Ronen Bergman of Yedioth Ahronot, not a paper favorably disposed to Israel’s Prime Minister Binyamin Netanyahu, was provided a platform of op-ed space to comment on recent political and military developments in Israel.  In his May 21 piece, entitled “Israel’s Army Goes to War with Its Politicians“, a theme most Americans would presume to be a non-democratic step, Bergman justifies the situation by painting Netanyahu and friends as basically the facsists in the matter.

I am not going to fisk the entire article and for most of you who read my blogs, you can easily figure out most of it yourselves.  Let me zero in on one example.

Here’s what Bergman wrote:

IN most countries, the political class supervises the defense establishment and restrains its leaders from violating human rights or pursuing dangerous, aggressive policies.

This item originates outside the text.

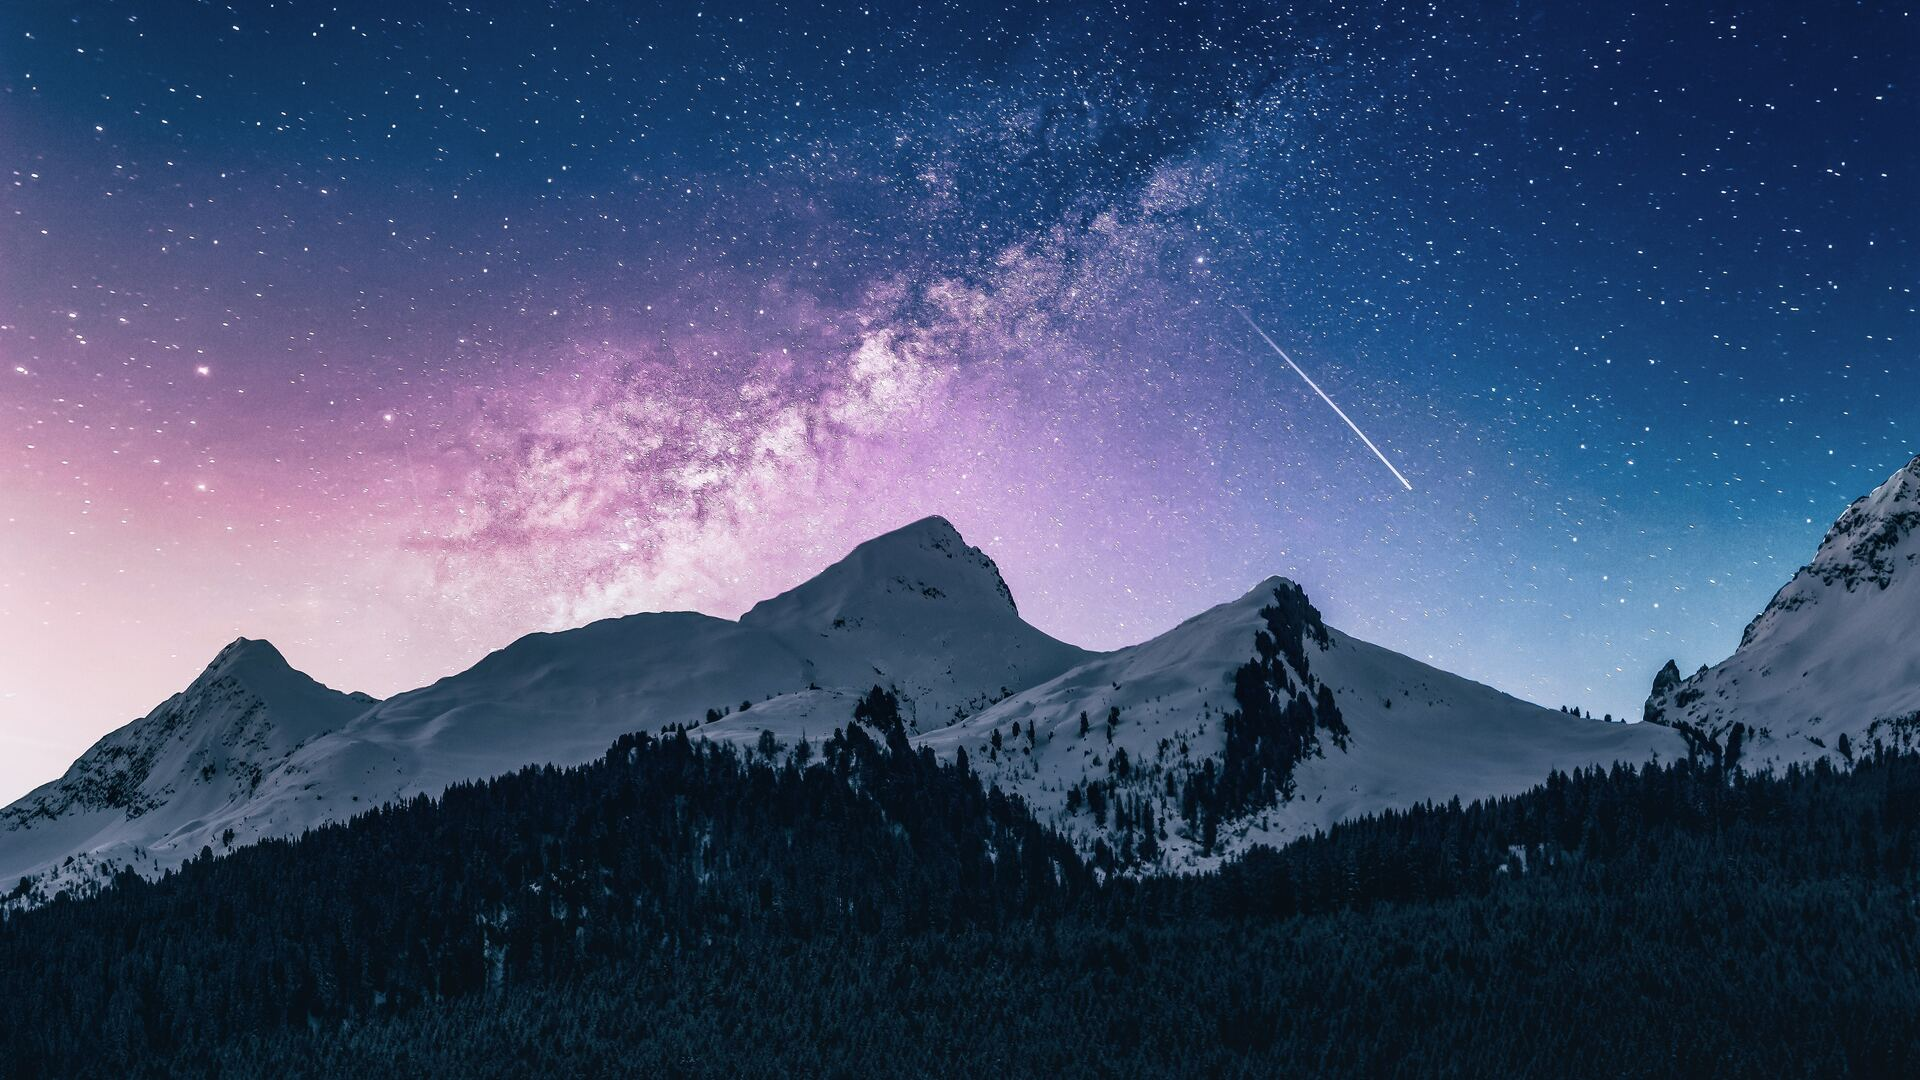 1920x1080 Landscape Outdoor Mountains Galaxy 4k Laptop ...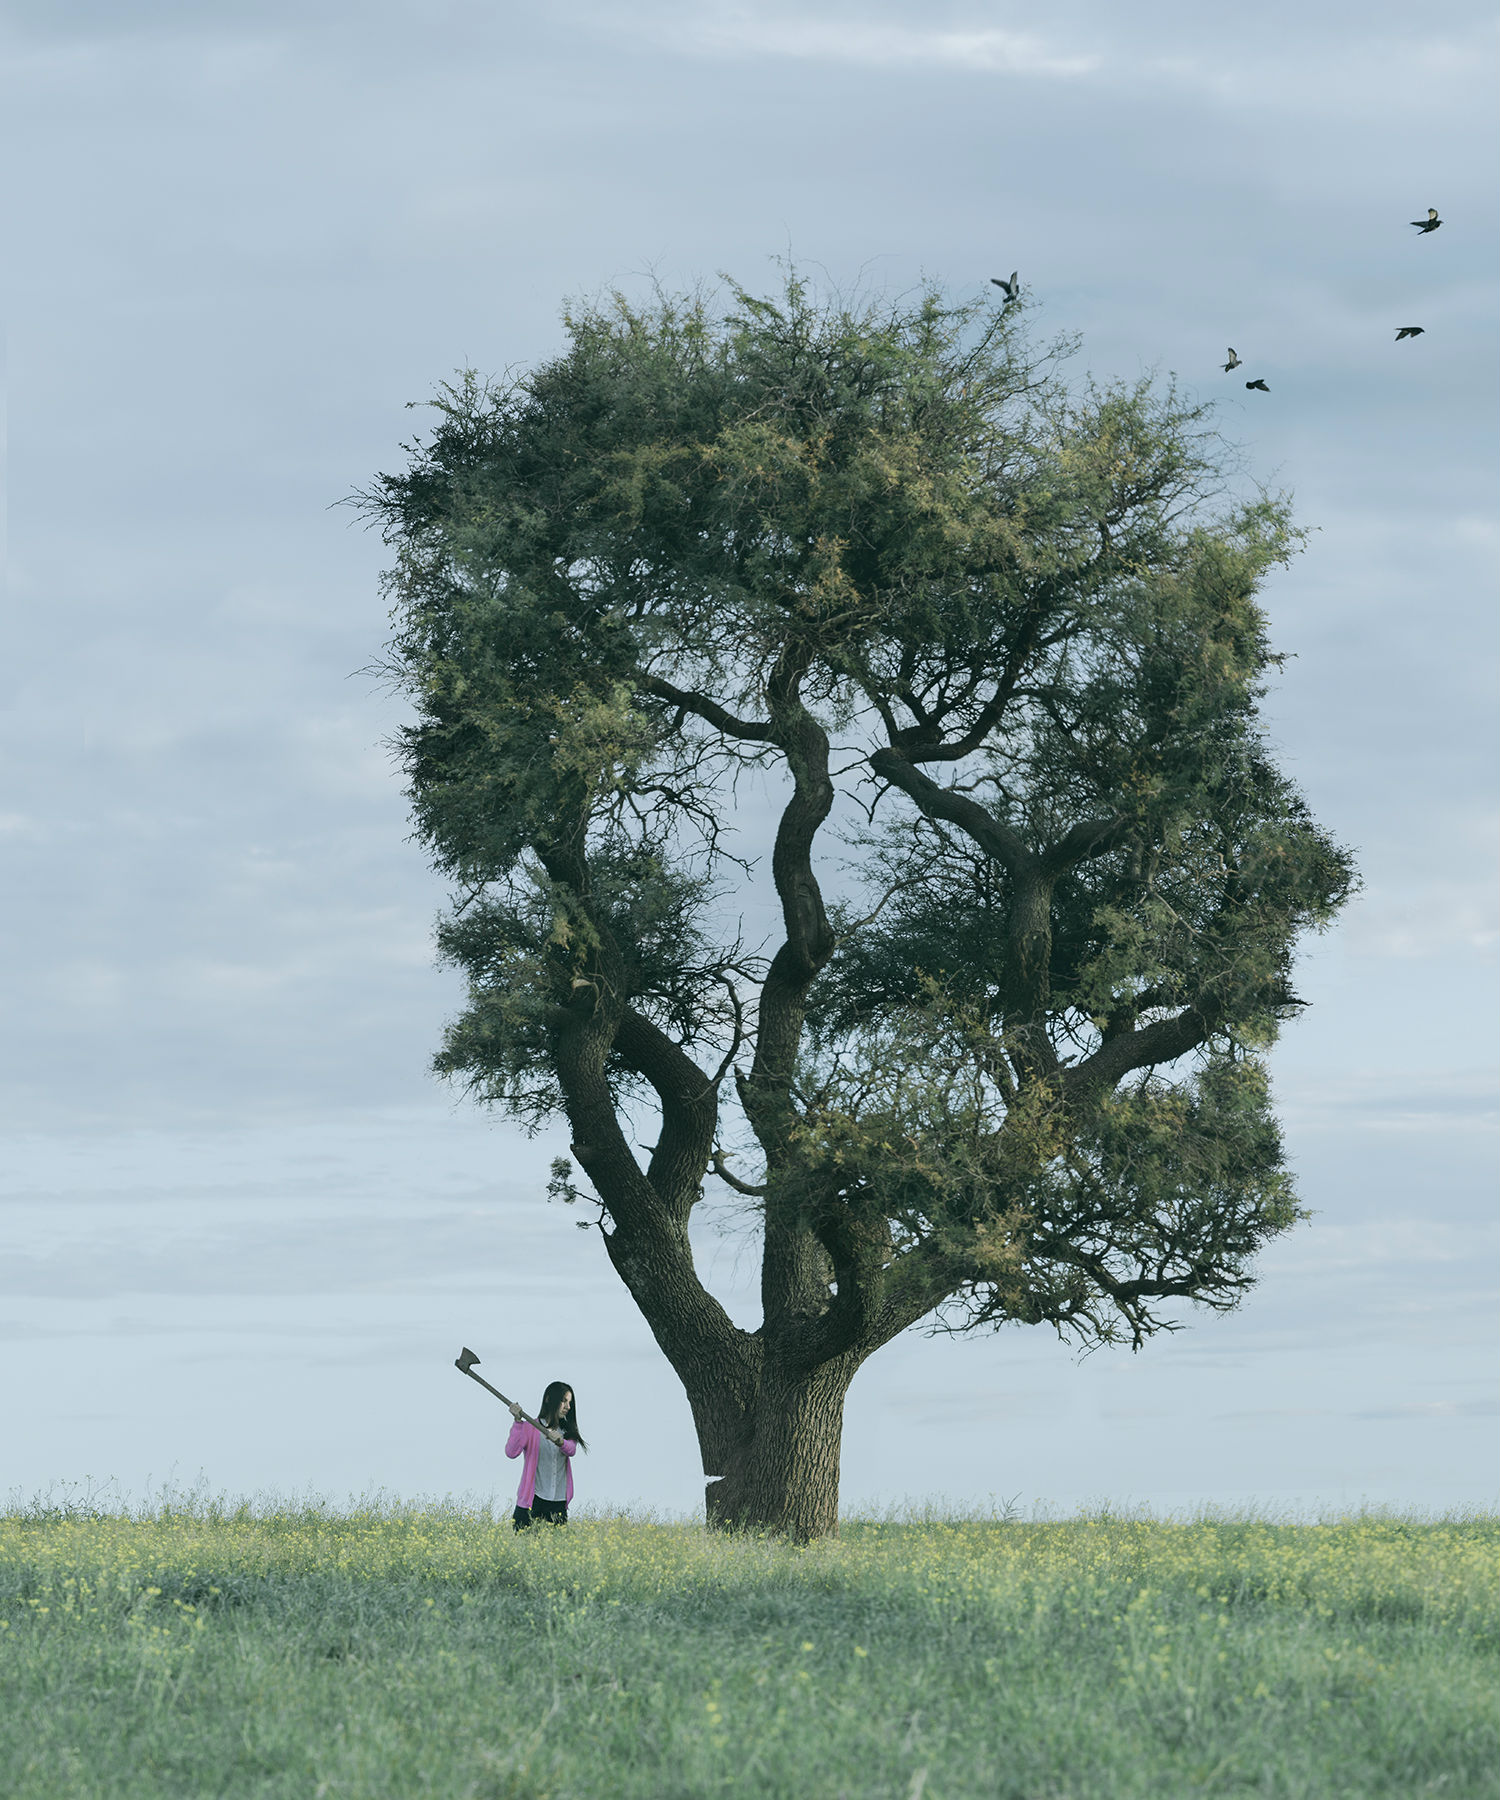 jairo alvarez photography surreal imagery colour odd illusion tree

In Israel, the opposite is happening. Here, politicians blatantly trample the state’s values and laws and seek belligerent solutions, while the chiefs of the Israel Defense Forces and the heads of the intelligence agencies try to calm and restrain them.

None of this happened.

In fact, the opposite.  It was the army brass, headed by the Minister of Defense, who were trampling values and laws and stirring up passions.

Minister Ya’alon and Commander in Chief Gadi Eizenkot illegally prejudged any in-house military investigation and trial in their public declarations. Deputy IDF Commander Yair Golan factually erred in the content of his speech and blatantly lied when he explained he didn’t say what he most certainly did say.

I am not even going to point out that, for the most part, Ya’alon has not been that successful in protecting Israel’s security – and I do not receive Netanyahu of his shared responsibility for this.  But the subject is does the IDF have to interfere in the running of the civilian affairs of the country.

Here is Bergman again:

This latest round of this conflict began on March 24: Elor Azariah, a sergeant in the I.D.F., shot and killed a Palestinian assailant…right-wing politicians backed Sergeant Azariah. “I.D.F. soldiers, our children, stand before murderous attacks by terrorists who come to kill them,” the prime minister said. “They have to make decisions in real time.” Mr. Lieberman, then still the leader of a small far-right oppo‎sition party, turned up in military court to support the soldier. Mr. Netanyahu also called the soldier’s father to offer support.

That emphasized sentence is misleading.

Netanyahu made it clear to the parents in his call that the judicial process had to go through.  In his first reaction, he said:

“The IDF is a moral army that does not execute people…I trust the IDF will conduct a thorough, responsible and fair investigation, as it does always.”

In that phone call a few days later, he said:

The soldiers are forced to make decisions in the field, in real time, under stress and conditions of uncertainty. This is not a simple reality and I’m sure that the investigation is taking the entirety of these circumstances into account. I am convinced that the investigation will be professional and fair towards your son. I trust the IDF, the Chief of Staff and the investigation 100% and I think that you too should trust the commanders and the investigation.

Perhaps Netanyahu realized that some of the Army brass was willing to sacrifice one soldier, who was caught up in an irregular situation, in order to clear their name for future war crimes investigations would would put themselves, the senior commanders, on trial. Elior Azariah may not have acted exactly as he should, one could argue, but the IDF higher-ups realized it were their careers that could not be targeted.

That is why, perhaps, Bogi Ya’alon insisted on defining him as guilty before any investigation.

Getting back to Bergman. He writes:

What would the army and intelligence chiefs do if the new minister issued instructions not to prosecute people who committed crimes like Elor Azariah’s in Hebron? Or if Mr. Lieberman demands, as he has done in the past, that Israel assassinate Hamas leaders

Oh, please. Israel hasn’t done this before? In Norway. in Paris? Under Golda Meir and Shimon Peres?  Bergman is hoping we can’t remember and worse, he is playing to old Palmah game: ‘sure we kill Arabs even worse than the Irgun does but we’re more moral and our weapons are purer‘.

Yes, there is a danger and its from not only some army people but the media that covers for them.